Lin laughed. “Rest assured the wait was worth it. I’ve been working for you this whole time. I didn’t call, because I didn’t trust the phone lines. But I just got this new end-to-end encryption tech—no back doors. We’re totally secure. Now, what can I do for you?”
“Tell me what the hell is going on—because Ko set off alarm bells!”
“Forget about him, and don’t worry about Channarong or the girl. Those deaths are outside our purview.”
“That is not Ko’s position. He is concerned, and he was not happy about informing Keng. I tried to reassure him. It would do us no good if he loses his head, but his concerns are my concerns, Jimmy. Ko and I go way back.”
“I know your history, Jesse,” said Lin, stretching out his words. “Your father was the minister in their village. You grew up there. You were like brothers. I get it.”
“But do you?” demanded Jesse, incensed. “Get it?” Jesse’s childhood memories flooded his mind. Tropical snakes and storms, later the Vietnam War. He heard his father reassuring him. “God will take care of us,” and, “Pray for peace,” he used to say. Jesse recalled that many people—in Vietnam, Thailand, Cambodia, the United States, and elsewhere—did pray. Yet they didn’t get peace. They got more war and death and displacement. These things did not reveal God’s mercy to Jesse, so he decided to pray for something else. Jesse prayed for strength.
“I get it,” Lin said snidely with a sigh.
Jesse was not satisfied. “Do you have any idea how their people suffered?”
“Yes.
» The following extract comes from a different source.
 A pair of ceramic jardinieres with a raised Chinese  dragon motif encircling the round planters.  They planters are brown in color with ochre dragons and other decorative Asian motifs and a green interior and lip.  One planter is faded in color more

Centuries of invaders. Burmese, Khmer, Chinese, Japanese, British. Do we count Americans?”
“Their chance is now! Ko and Keng have a chance to break free now. They must not lose this opportunity!”
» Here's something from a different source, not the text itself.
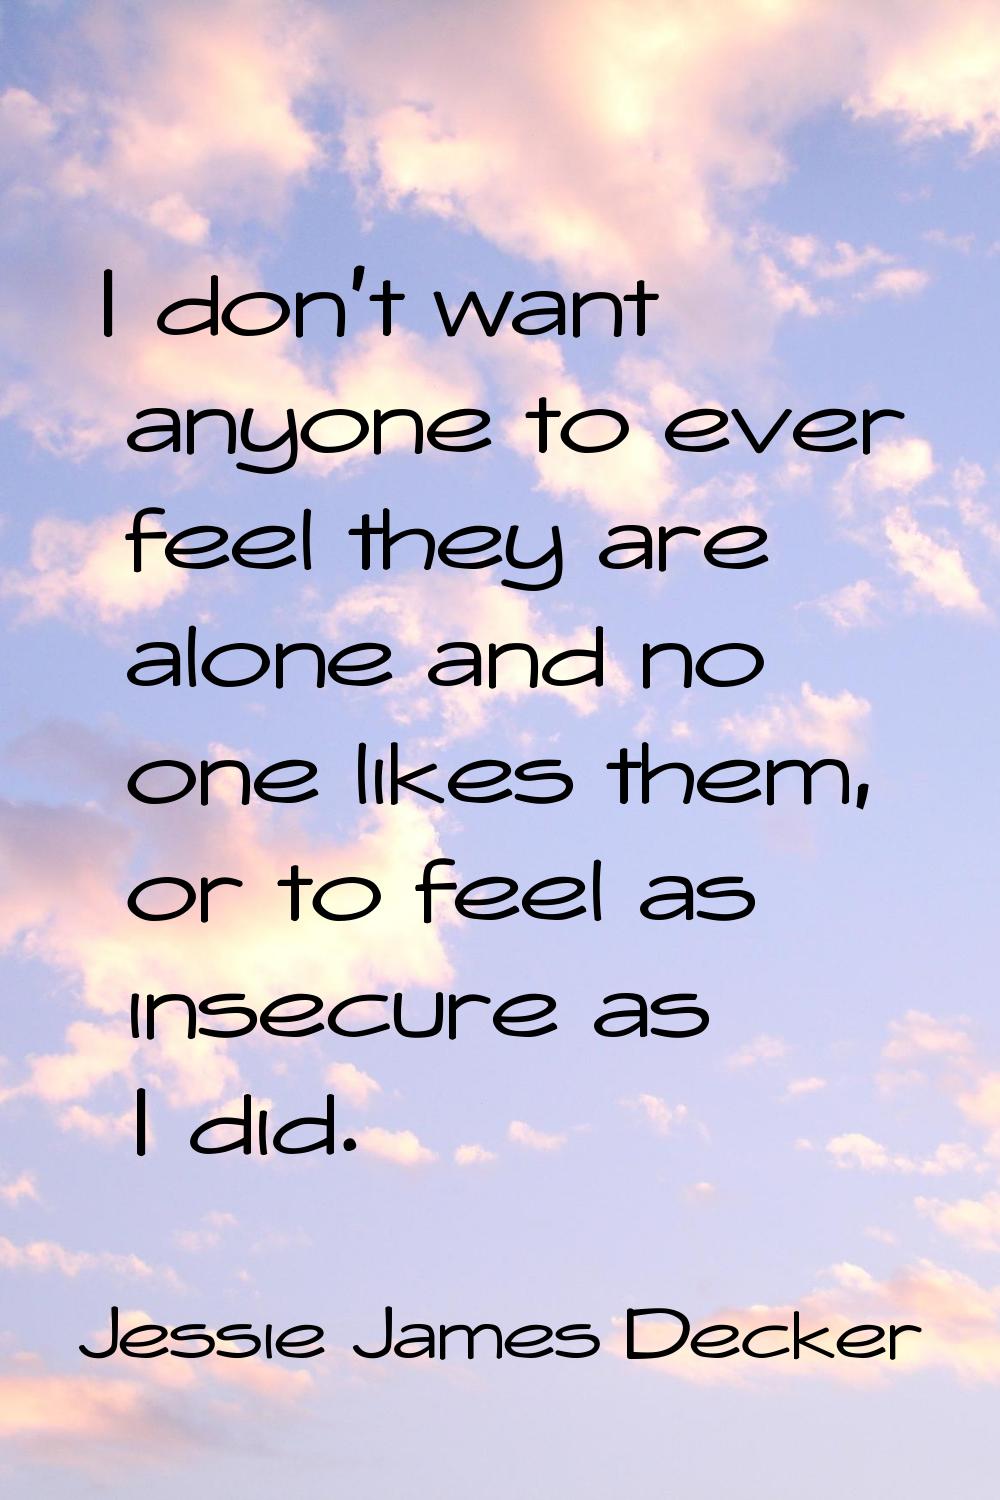 I don't want anyone to ever feel they are alone and no one likes them, or to feel as insecure as I

“Calm down. I, too, have long-standing contacts. I, too, know when to heed warnings. And I repeat: These deaths in DC change nothing for our deal.”
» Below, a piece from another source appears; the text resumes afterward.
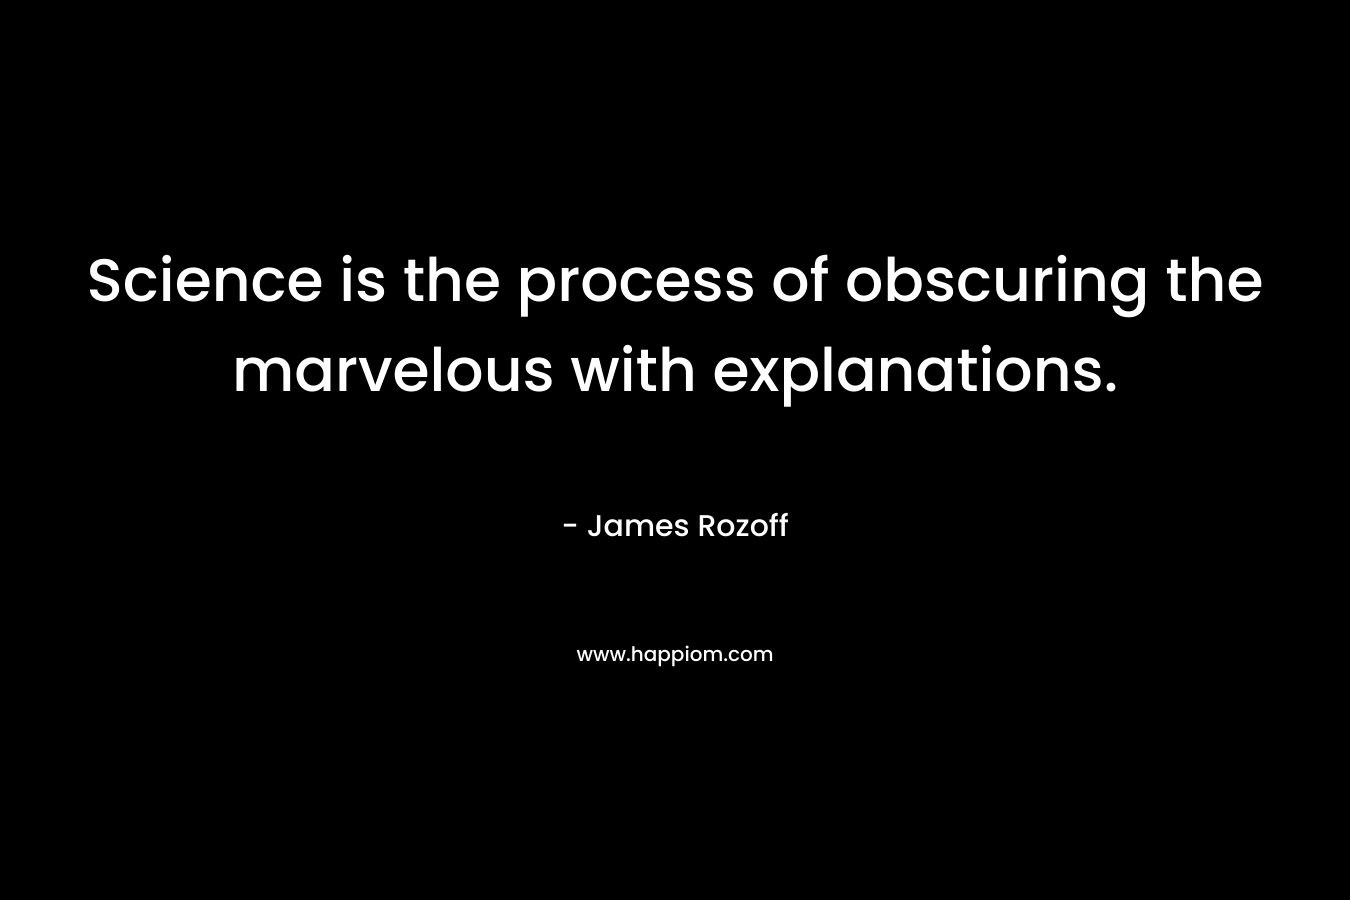 Science is the process of obscuring the marvelous with explanations.

“I told Ko we’re well-insulated, and it must remain that way.”
“Look, I don’t want to get dragged through US courts for export control violations. That’s why I hand-picked this Dutchman. He’s the best man in the cargo business.”
“That’s the whole damn reason I involved you,” Jesse interrupted. “We need to keep up appearances.”
“As you have told me before, this is not your average every-day semiautomatic pistol shipment. We are not dealing with a simple delivery from your home factory there stateside to your American collectors. I get that. A little creativity must be involved.”
“Shit!” Jesse said. “A lot of creativity! The supplementation must be managed very carefully!”
“Yes, I understand.”
“You sarcastic asshole!” Jesse replied. “You must guarantee invisibility!”
“Look, this will work out. You are the best on the supply side. You know all the other manufacturers and dealers—black markets too—used, repurposed, diverted. Even ghost weapons. And you have a reputation to uphold, I know. But that’s the point. I am the best on the ground, in-country. I want this as much as you do. We need each other.”
“Everything must arrive in pristine condition.”
“The utmost care.”
“Rifles, grenade launchers, detonators, every single item! Shipped invisibly and cleanly!”
“I assure you, as I have assured Ko: There are no weak links in our chain.”
“You better be right,” said Jesse, nodding as his double chin opened and closed. “I am depending on you to get this shipment all the way to Myanmar.”
“It’s exactly as we planned.”
“Ko and Keng are like brothers to me. And God wants my brothers to be free.”
“No worries, Jesse,” Lin said. “God is on your side.”